* **What you will do**: Omitting all pictures, print the lines of the listing from the one containing "中国远洋海运摄影家协会网站首页效果图" through the final line, both ends included, with no other text.

* **The data**:
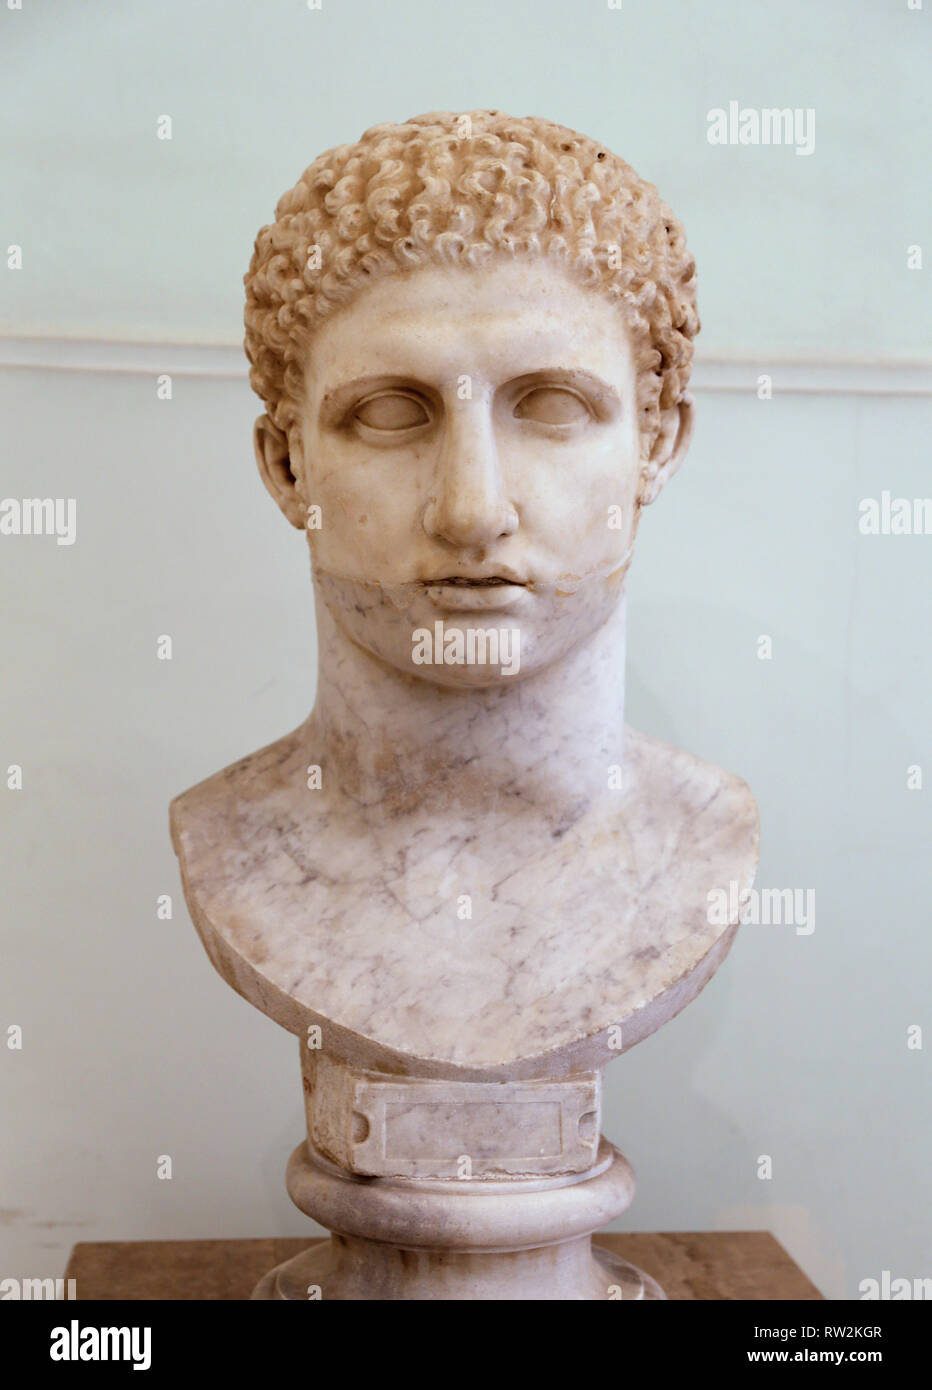 Hercules joven. Busto de mármol (siglo II D.C.) copia de un original griego del siglo IV A.C. Museo Arqueológico Nacional, Nápoles. Foto de stock
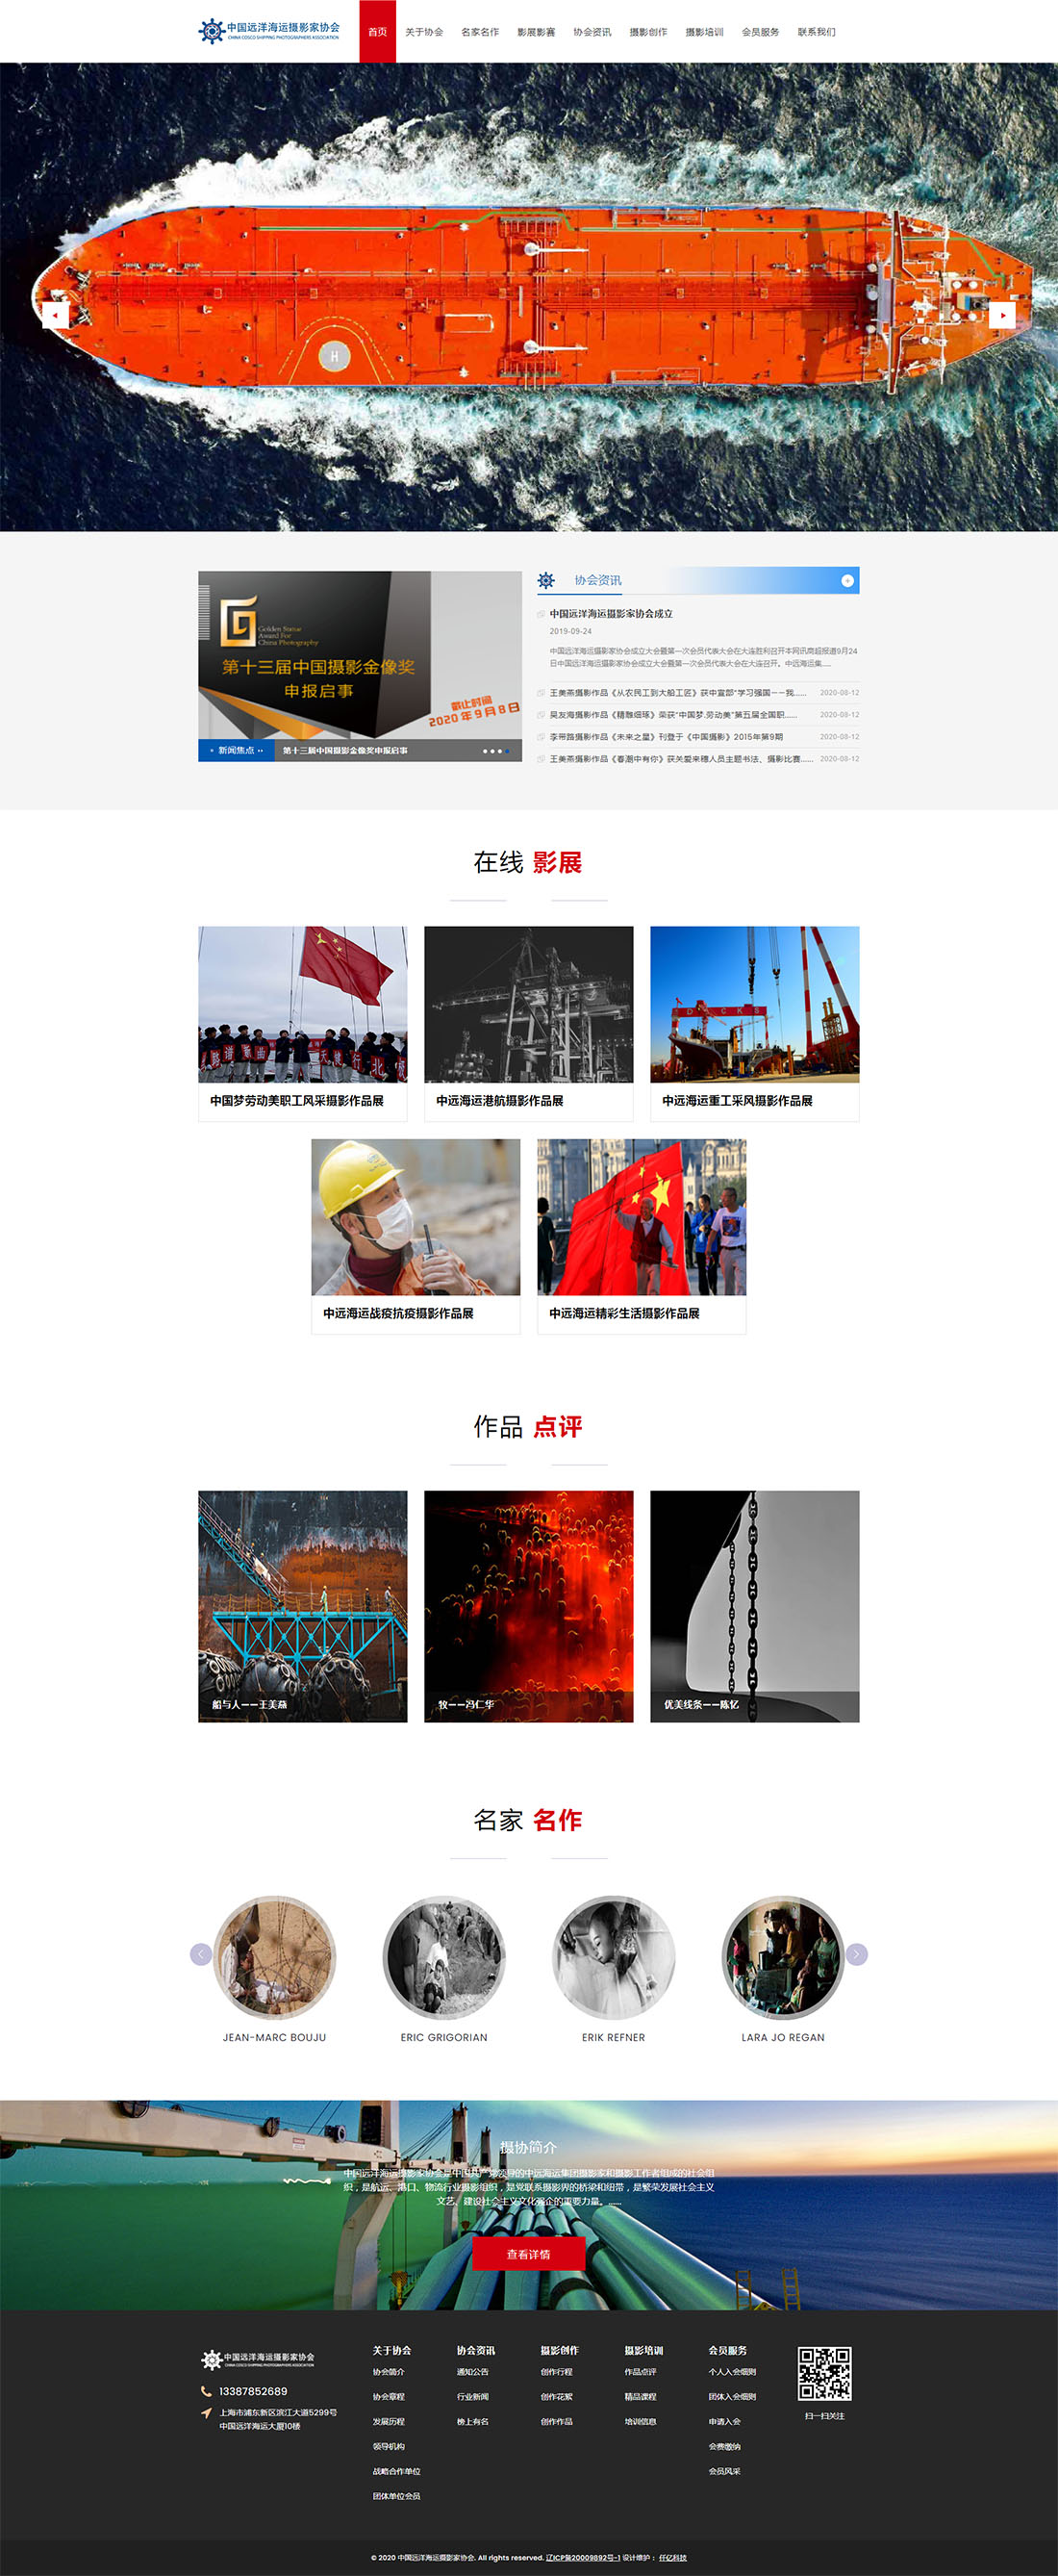 中国远洋海运摄影家协会网站首页效果图
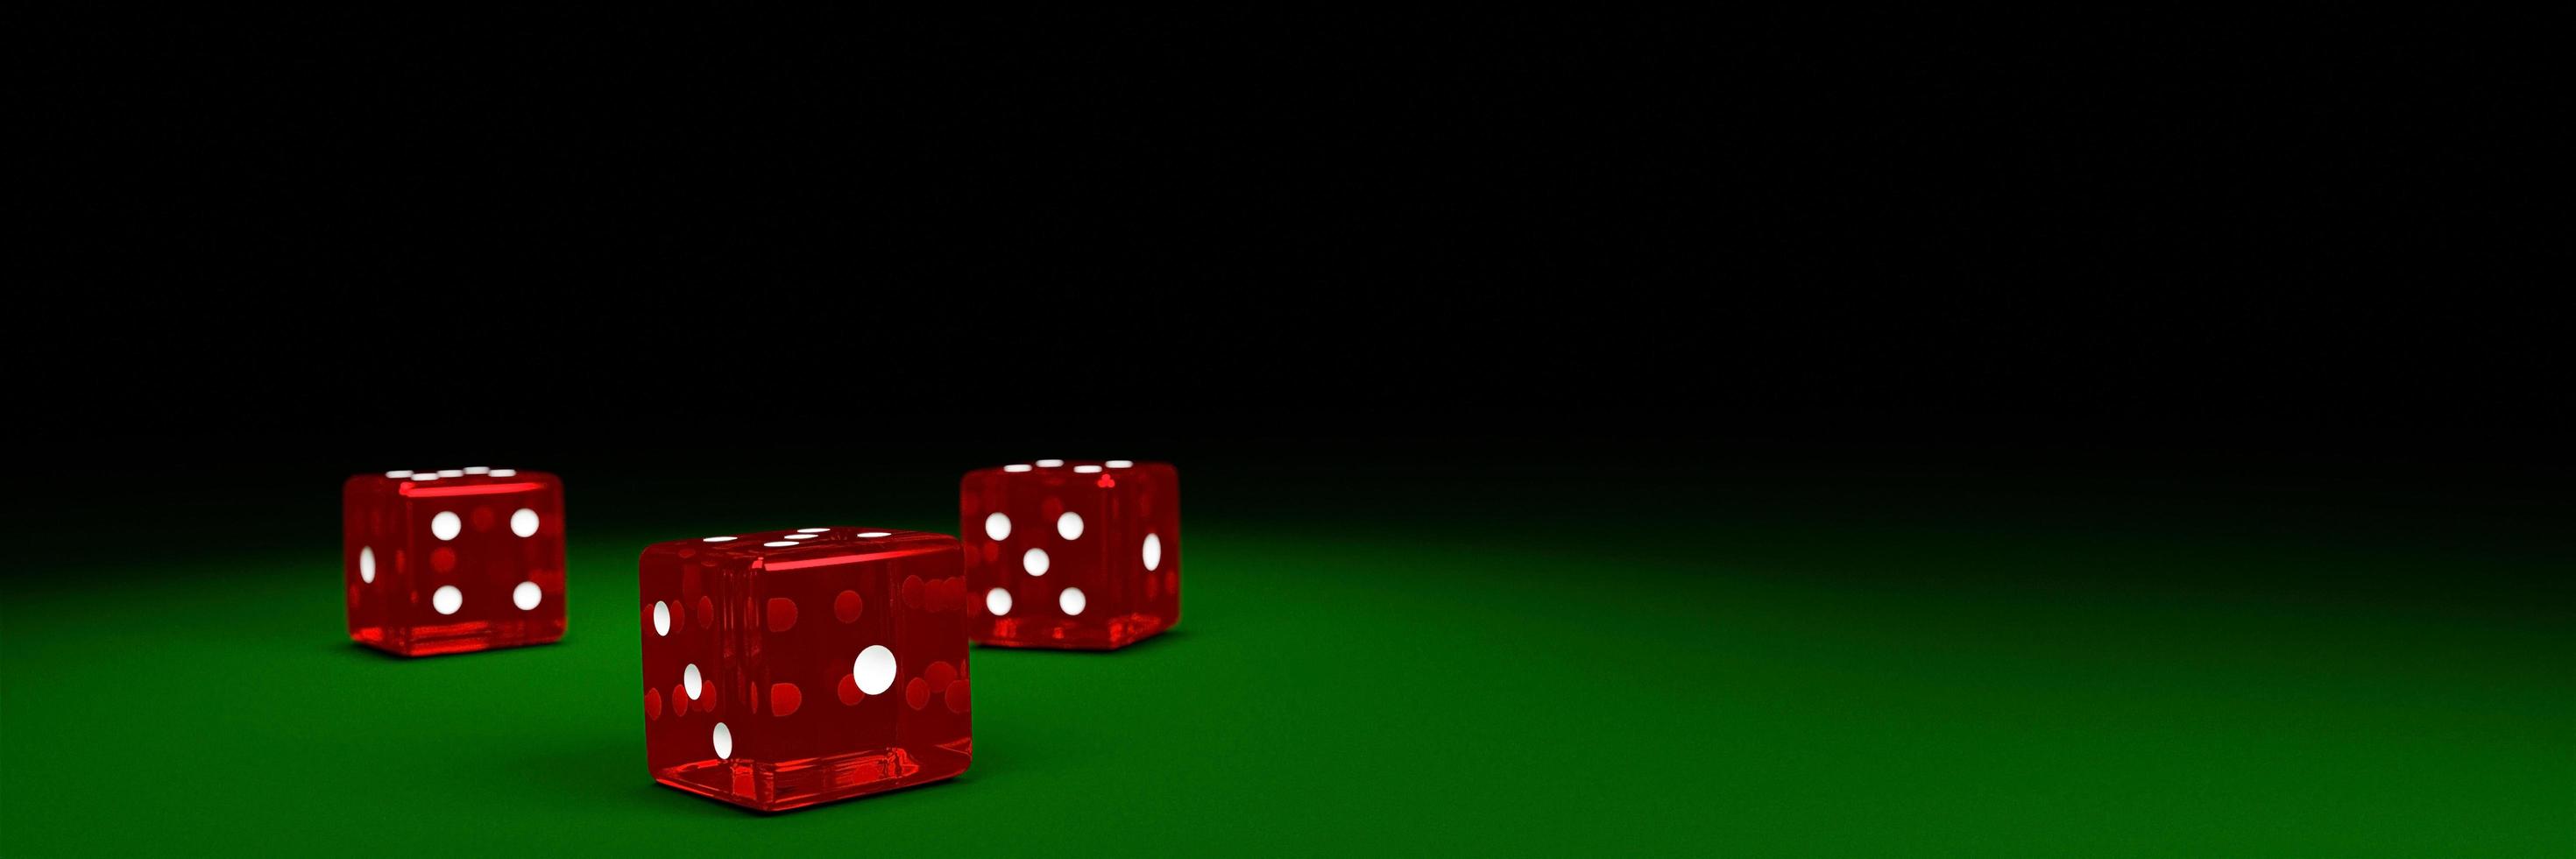 transparante rode dobbelstenen vallen op de groene vilten tafel. het concept van dobbelstenen gokken in casino's. 3D-rendering foto

* **Answer box**:
 中国远洋海运摄影家协会网站首页效果图
 transparante rode dobbelstenen vallen op de groene vilten tafel. het concept van dobbelstenen gokken in casino's. 3D-rendering foto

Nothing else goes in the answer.